# Does $\{\tau(1)\tau(2)+\cdots+\tau(n-1)\tau(n)+\tau(n)\tau(1):\ \tau\in S_n\}$ contain a unique multiple of $n^2$ for each $n\ge6$?

Motivated by Question 397575, here I pose a related question.

Question. Does the set $$T_n:=\{\tau(1)\tau(2)+\cdots+\tau(n-1)\tau(n)+\tau(n)\tau(1):\ \tau\in S_n\}$$ contain a unique multiple of $$n^2$$ for each $$n\ge6$$?

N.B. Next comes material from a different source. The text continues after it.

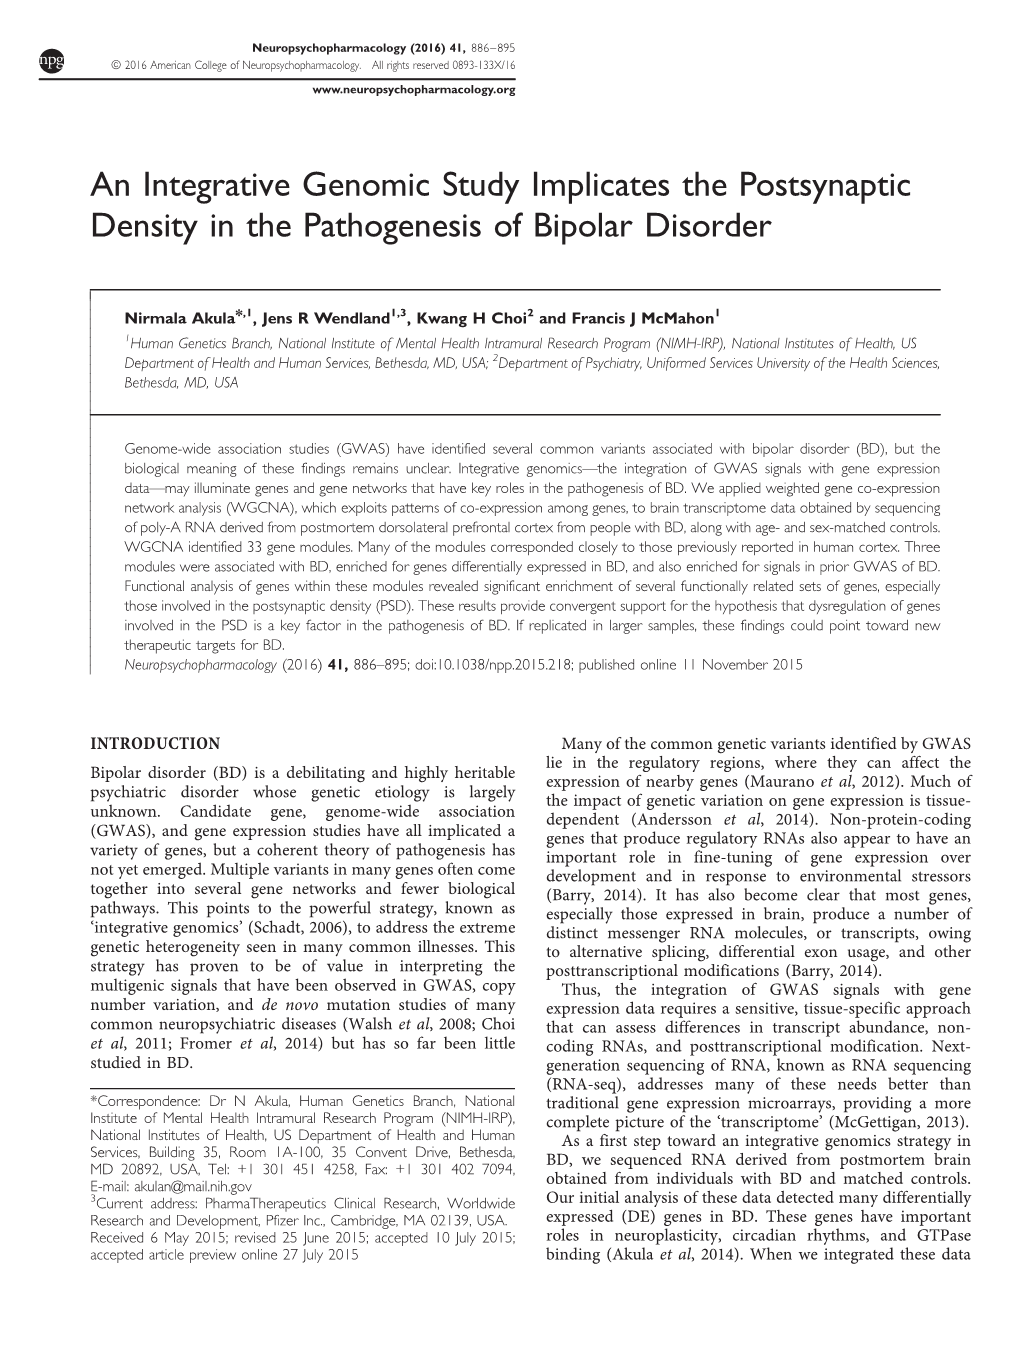 An Integrative Genomic Study Implicates the Postsynaptic Density in the Pathogenesis of Bipolar Disorder
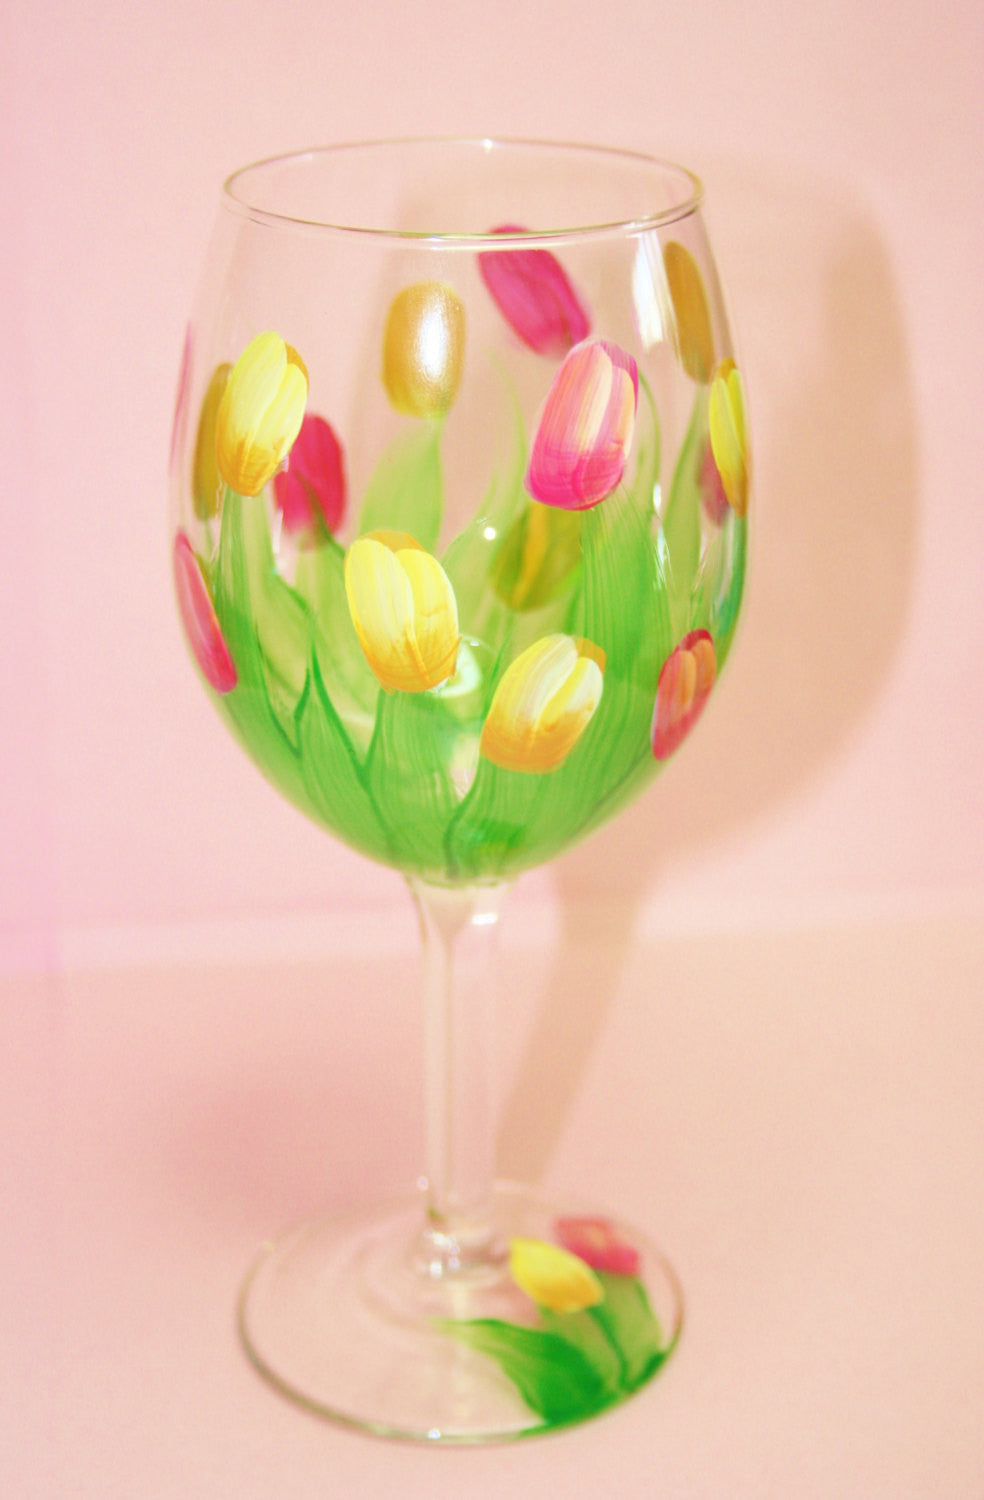  Tulips Flowers Hand Painted Wine Glasses Set of 2

I conjecture that the answer is positive. I have verified this for $$n=6,\ldots,10$$. For $$n=6$$, we have \begin{align*}&2\times4+4\times1+1\times3+3\times5+5\times6+6\times2 \\=&3\times5+5\times1+1\times2+2\times4+4\times6+6\times3=2\times6^2. \end{align*} For $$n=7$$, we have $$1\times3+3\times4+4\times5+5\times6+6\times2+2\times7+7\times1=2\times7^2.$$ For $$n=8$$, we have $$1\times5+5\times3+3\times6+6\times4+4\times7+7\times2+2\times8+8\times1=2\times8^2.$$ For $$n=9$$, we have $$1\times2+2\times3+3\times5+5\times4+4\times6+6\times8+8\times7+7\times9+9\times1=3\times9^2.$$ For $$n=10$$, we have $$\begin{gather*}1\times2+2\times3+3\times6+6\times8+8\times4+4\times9+9\times7+7\times5+5\times10+10\times1 \\=3\times10^2.\end{gather*}$$

• Perhaps, $T_n$ contains $\lfloor n/3\rfloor n^2$ for each integer $n\ge6$. Jul 15 at 9:15

No, for $$n = 11$$ this fails:
Running the code I wrote to check this a little more, there is more than one multiple of $$n^2$$ in the set you describe for all $$11\leq n \leq 50$$, see here for two permutations leading to different multiples of $$n^2$$ for each such $$n$$.